GOAL OF THE EXERCISE:
In the copy, keep every line below as it is and leave out the pictures.

DATA:
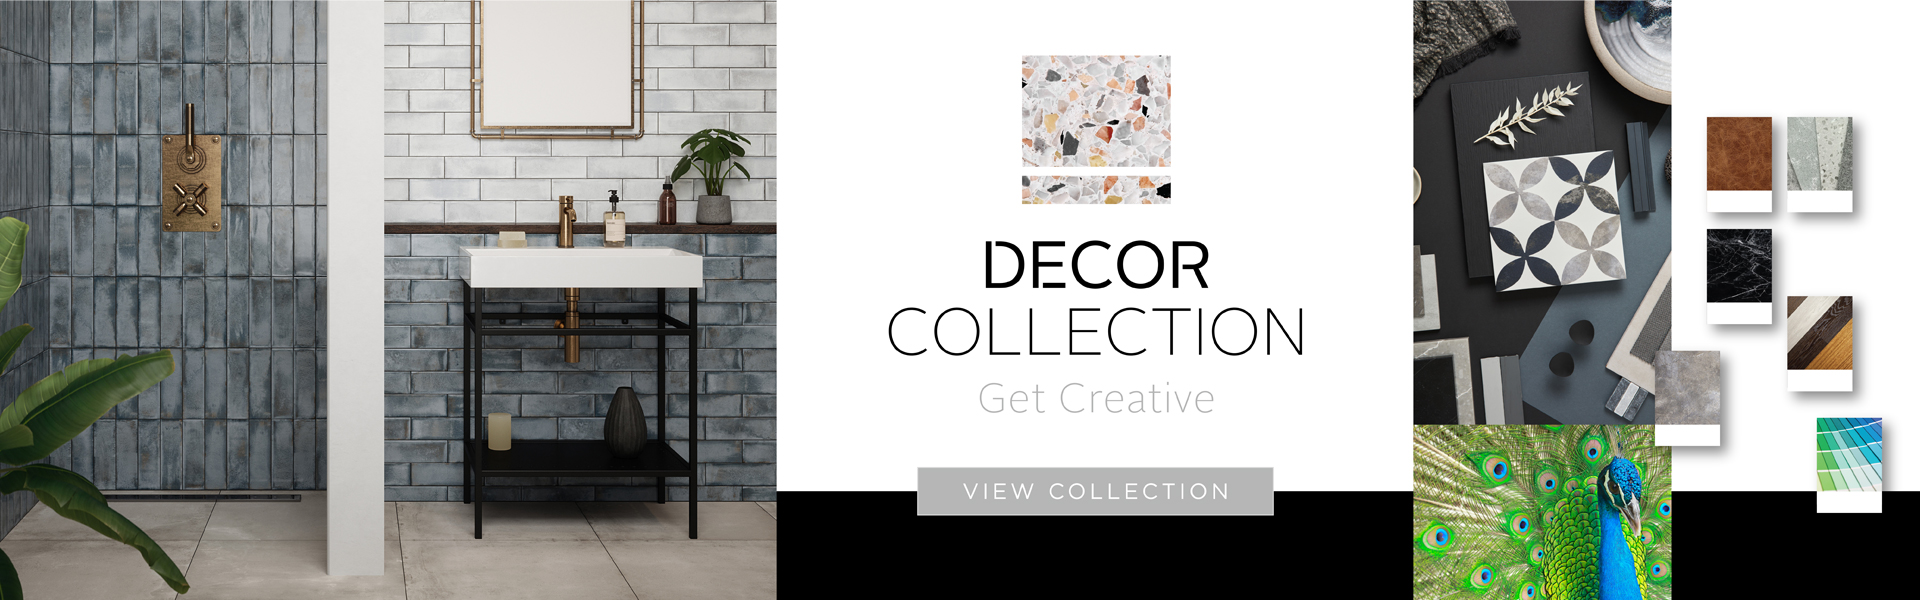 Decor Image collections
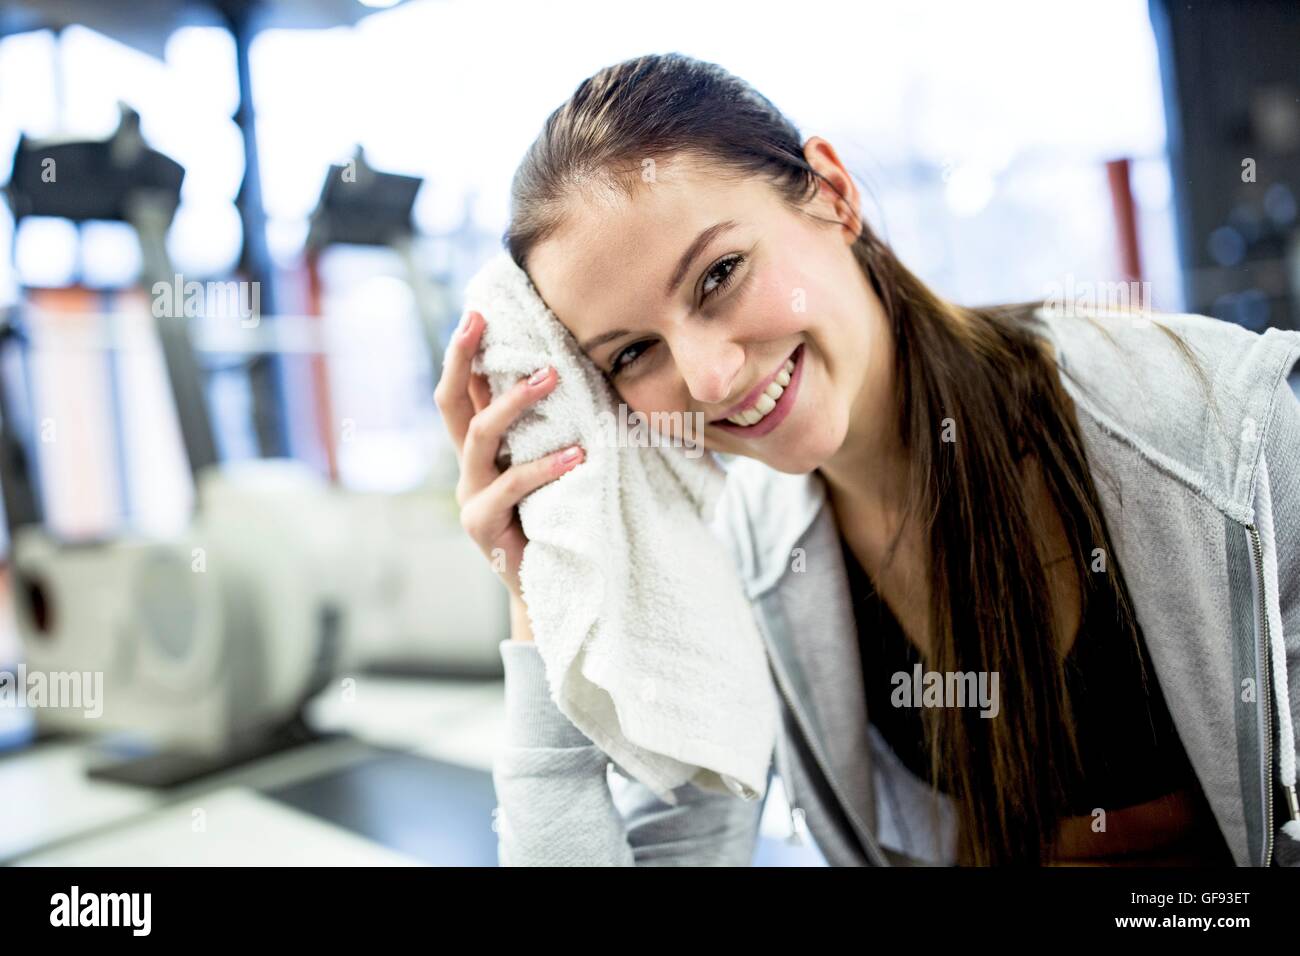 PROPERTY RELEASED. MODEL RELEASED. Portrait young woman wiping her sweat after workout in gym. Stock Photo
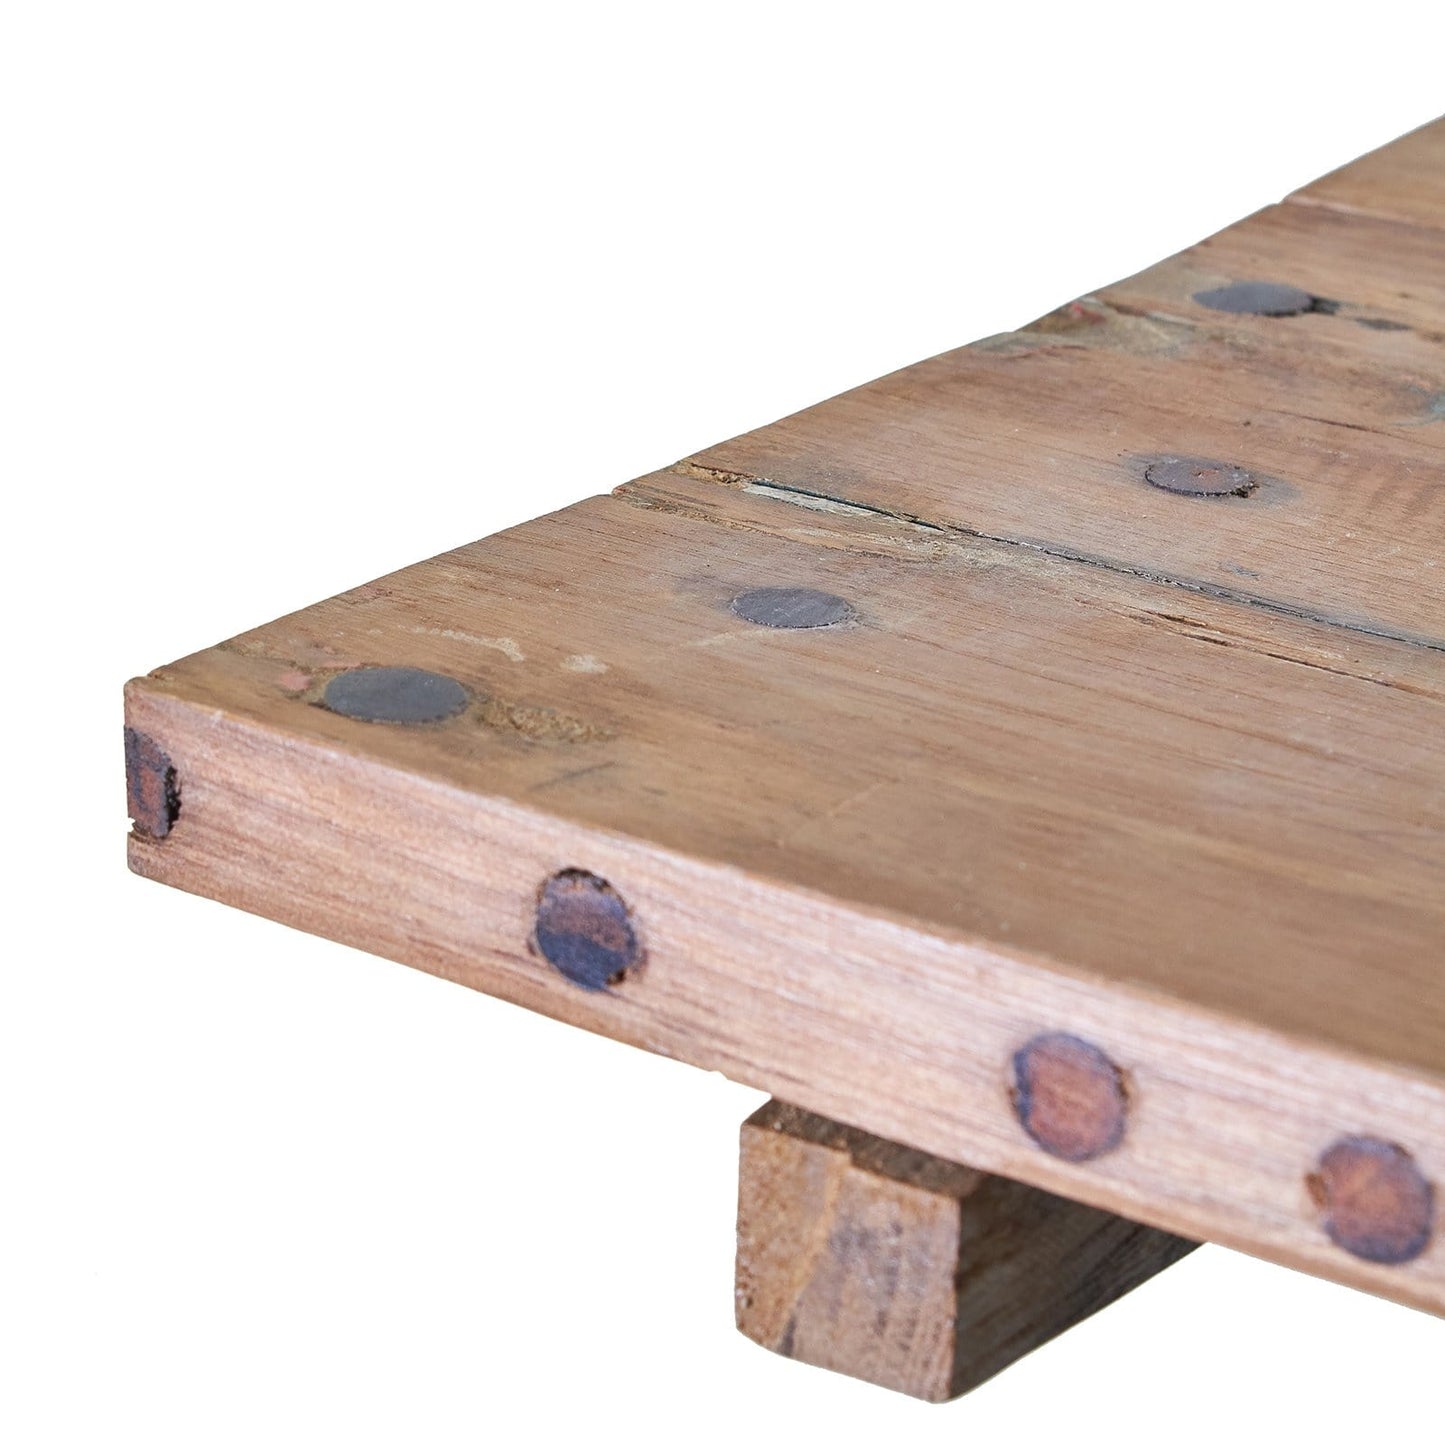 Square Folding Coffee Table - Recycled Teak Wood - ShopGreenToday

ANSWER AREA:
 Decor Image collections
 PROPERTY RELEASED. MODEL RELEASED. Portrait young woman wiping her sweat after workout in gym. Stock Photo
 Square Folding Coffee Table - Recycled Teak Wood - ShopGreenToday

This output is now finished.